Why We Have Stablecoins

In the beginning, there was only bitcoin. A digital commodity with a highly predictable issuance schedule. Shortly after that, developers, cryptographers and cypherpunks swiftly started working. They focused on improving privacy in digital currency and the expressiveness of what that digital currency could do. This movement caused the rise of privacy coins such as Monero and Zerocoin, but more importantly, a programmable digital currency was born in the form of Ethereum. Since then, we have witnessed an explosion of use cases ranging from financial primitives like exchanges, lending and borrowing facilities to digital art.

The most challenging problem in the space, especially when attempting to harness the power of financial primitives, was the sheer volatility of digital currencies like bitcoin and Ethereum. Imagine trying to create lending markets for an asset with 20% plus price swings in a day, not easy. This problem produced a need for "Stablecoins", a stable digital currency interoperable with decentralised services.

A Stablecoin is a digital currency pegged 1:1 with either a fiat currency or a tangible asset such as gold.

The Different Types

The differences between Stablecoins simply come down to how the issuer pegs the value of their Stablecoin to its underlying asset. We have seen three distinct variations between Stablecoin designs.

Fiat Collateralised Stablecoins

These are digital currencies backed by fiat money, such as US dollars, that sit on the issuer's balance sheet.
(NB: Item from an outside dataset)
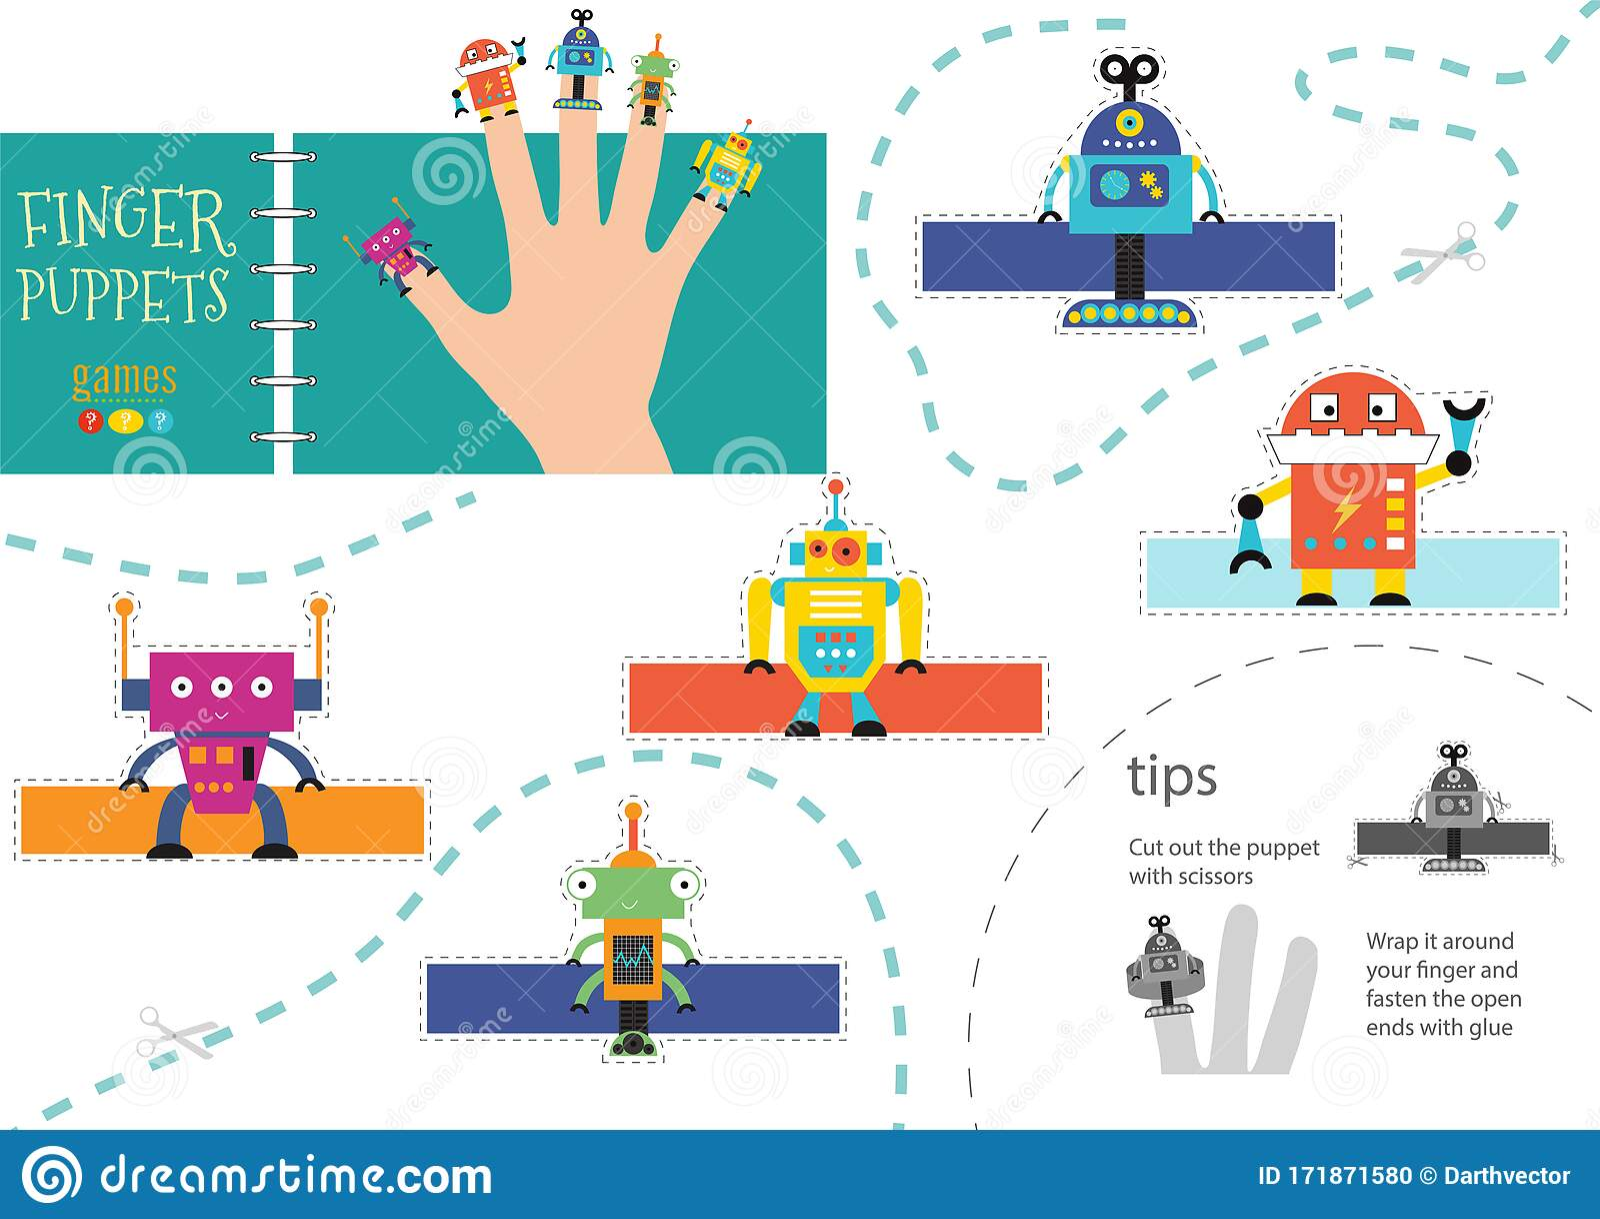 5 Finger Puppet Vector Robots Cutout Educational

The backing of fiat collateralised Stablecoins, in theory, should be 1:1; for every stablecoin issued, the issuer should hold the same amount of US dollars. At all points in time, the holder of these kinds of Stablecoins should be confident that their coins are redeemable for US dollars; as long as this confidence persists, these Stablecoins should maintain their peg.

Commodity Collateralised Stablecoins

These operate similarly to fiat collateralised Stablecoins but are usually pegged to the value of an underlying commodity, something like gold. The issuer of these Stablecoins acquires tangible assets such as gold and issues digital coins that serve as an IOU to the underlying commodity. These are often referred to as asset-backed tokens.

Crypto Collateralised Stablecoins

These types of Stablecoins utilise cryptoassets such as bitcoin and Ether to collateralise and back the coins they issue. For example, MakerDAO is the decentralised equivalent of a central bank. MakerDAO, however, is a lot more similar to central banking during the gold standard, where deposits led to money creation, versus the central banking system of today, where the issuing of credit leads to money creation. In the MakerDAO system, you can deposit cryptoassets and create DAI, a synthetic stablecoin algorithmically pegged to the US dollar. One DAI is always redeemable at MakerDAO for $1 of the underlying collateral, mainly Ether.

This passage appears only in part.